> **TASK GOAL**
Retype exactly every line from the one that includes "This playful 'Balloon'" through the final line of the listing, both ends kept, and omit the pictures.

> **DATA SEGMENT**
★ ★ ★ ★

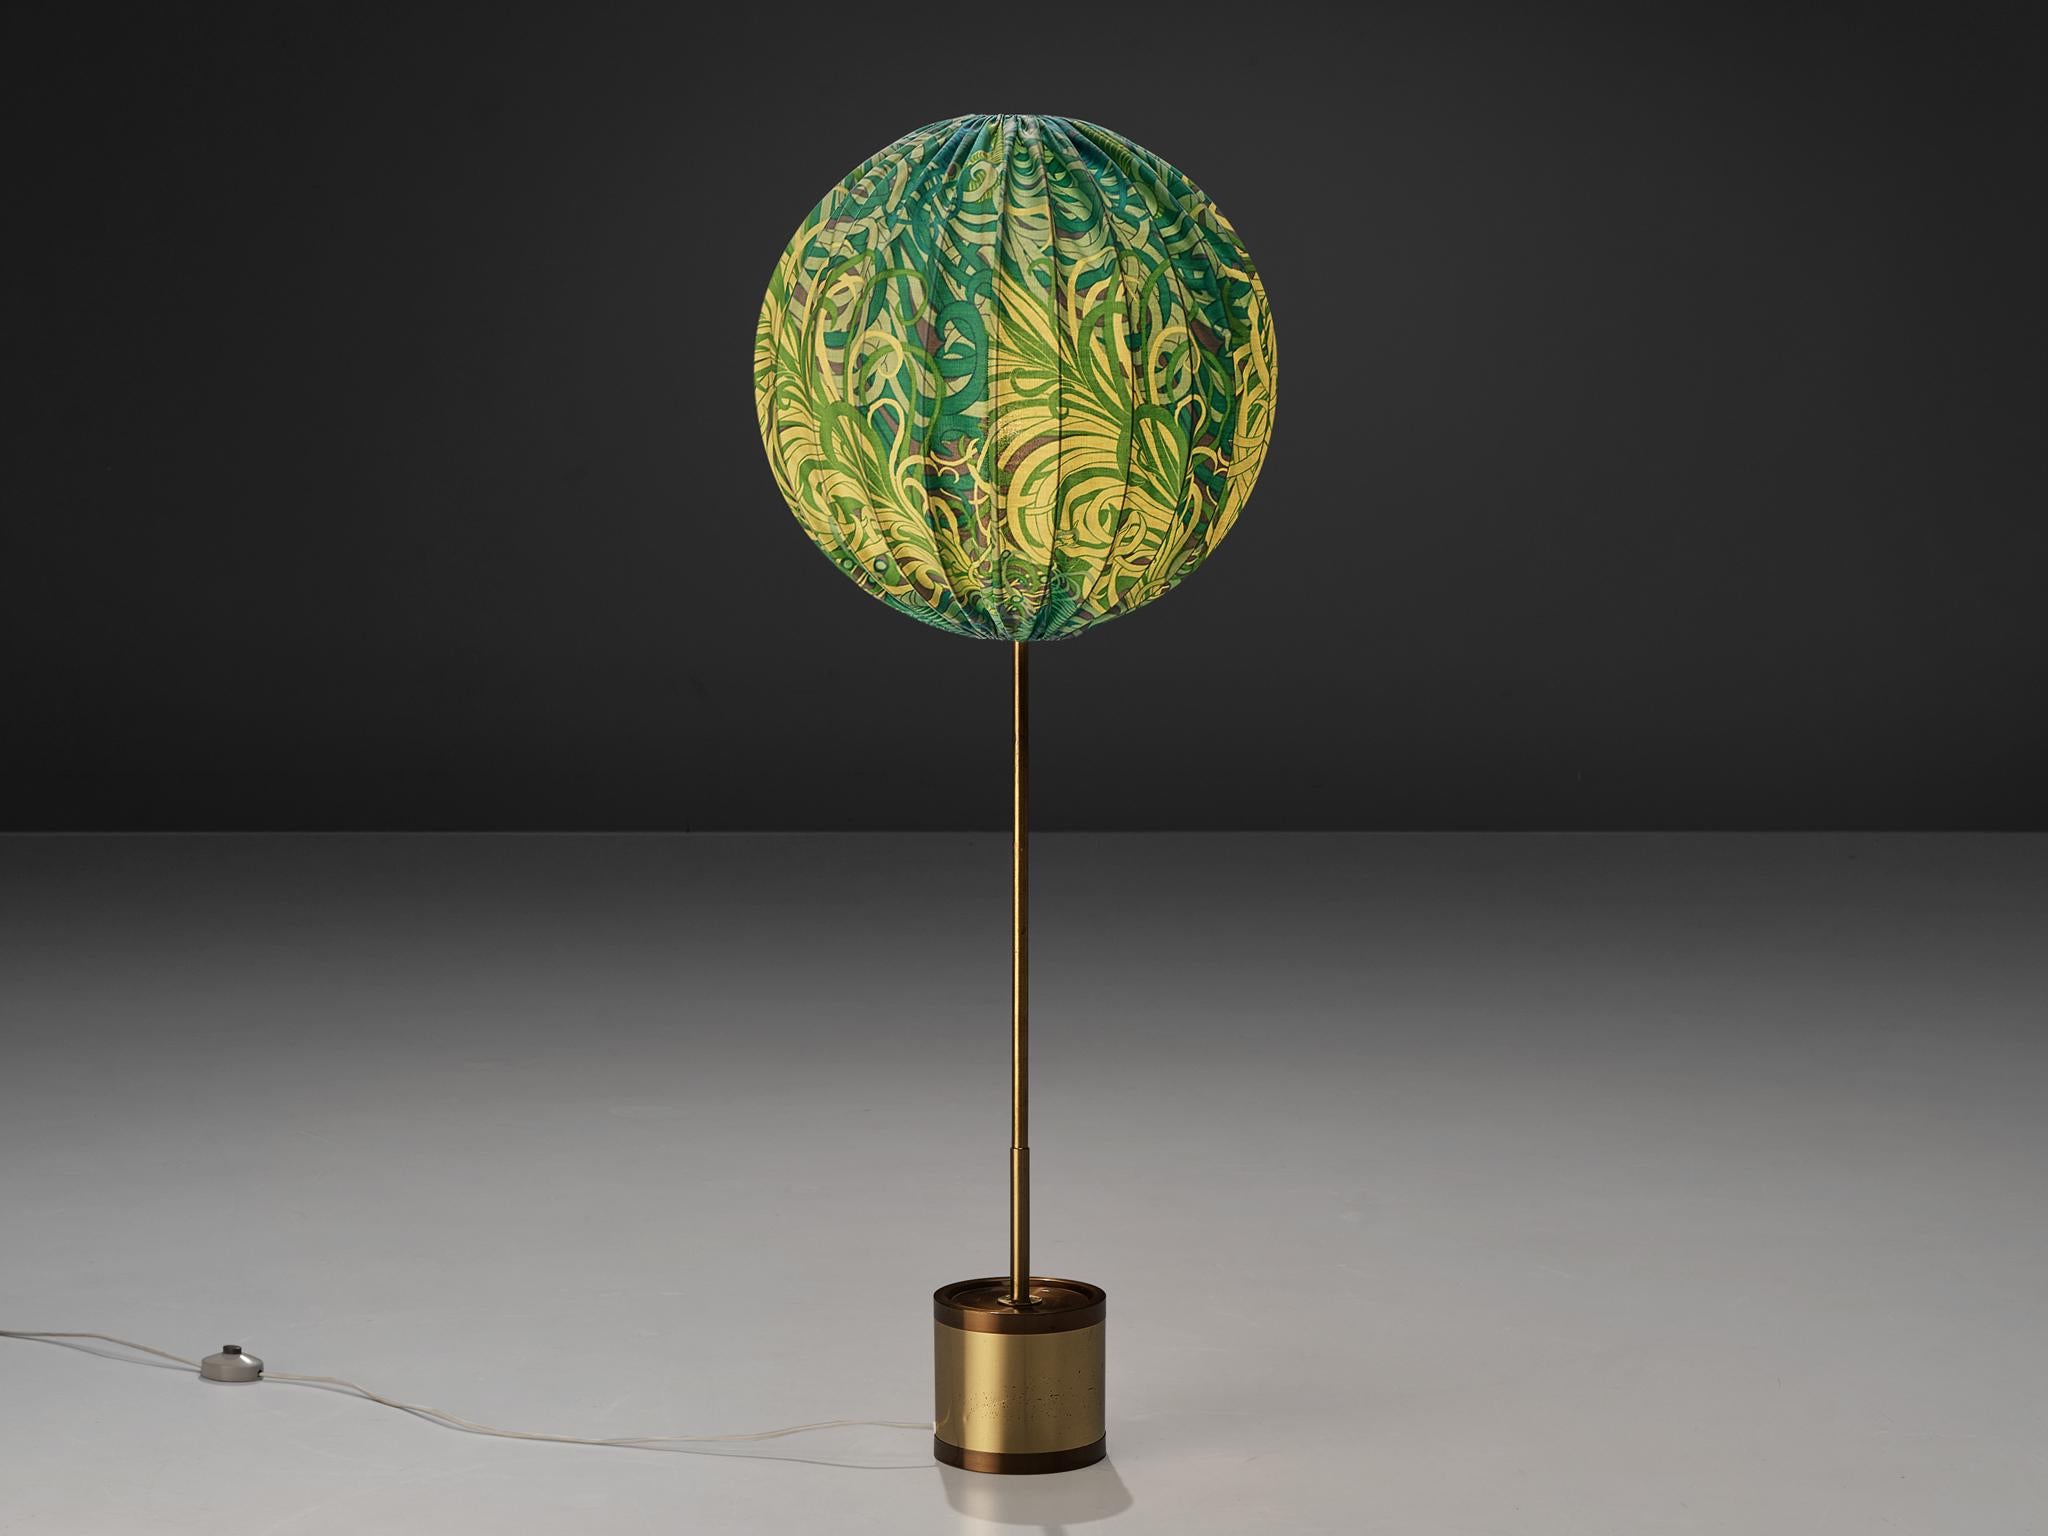 Hans-Agne Jakobsson, floor lamp model G123, brass, metal, fabric, Denmark, 1960s

This playful 'Balloon' lamp was design by Jakobsson in the 1960s. The circular lampshade catches the eye. A floral patterned fabric in blue and green is fixed above
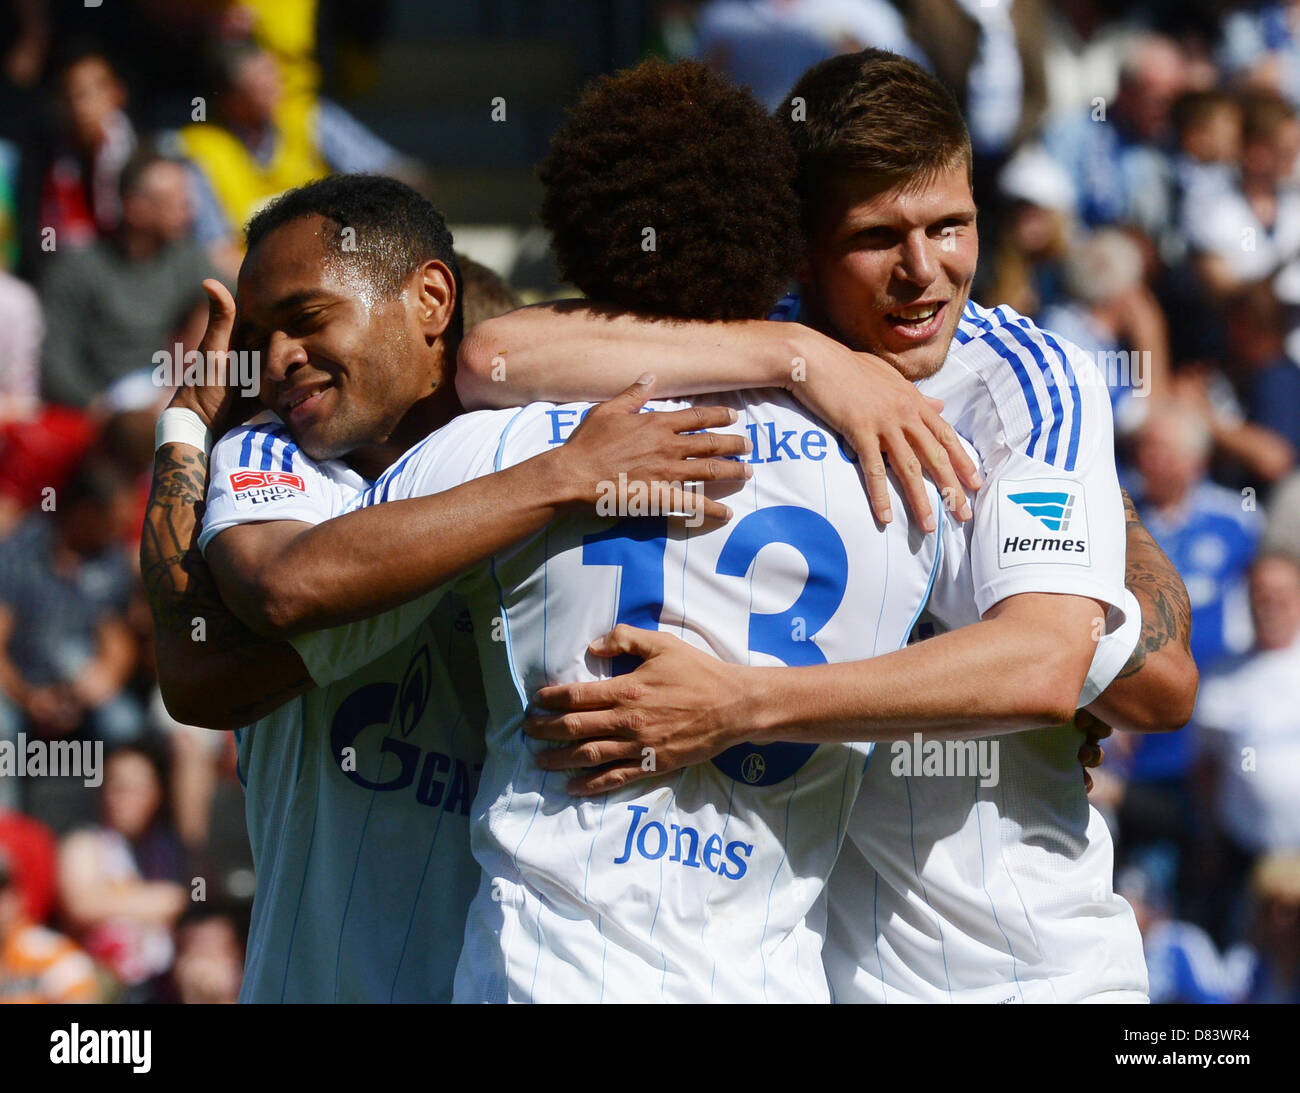 Schalke's Raffael, Jermaine Jones and Klaas-Jan Huntelaar (L-R) cheer after the 2-1 own goal of Freiburg's Schuster during the Bundesliga soccer match between SC Freiburg and FC Schalke 04 at Mage Solar stadium in Freiburg, Germany, 18 May 2013. Photo: PATRICK SEEGER  (ATTENTION: EMBARGO CONDITIONS! The DFL permits the further utilisation of up to 15 pictures only (no sequntial pictures or video-similar series of pictures allowed) via the internet and online media during the match (including halftime), taken from inside the stadium and/or prior to the start of the match. The DFL permits the un Stock Photo

★ ★ ★ ★

> **SOLUTION TO THIS EXERCISE**
This playful 'Balloon' lamp was design by Jakobsson in the 1960s. The circular lampshade catches the eye. A floral patterned fabric in blue and green is fixed above
 Schalke's Raffael, Jermaine Jones and Klaas-Jan Huntelaar (L-R) cheer after the 2-1 own goal of Freiburg's Schuster during the Bundesliga soccer match between SC Freiburg and FC Schalke 04 at Mage Solar stadium in Freiburg, Germany, 18 May 2013. Photo: PATRICK SEEGER  (ATTENTION: EMBARGO CONDITIONS! The DFL permits the further utilisation of up to 15 pictures only (no sequntial pictures or video-similar series of pictures allowed) via the internet and online media during the match (including halftime), taken from inside the stadium and/or prior to the start of the match. The DFL permits the un Stock Photo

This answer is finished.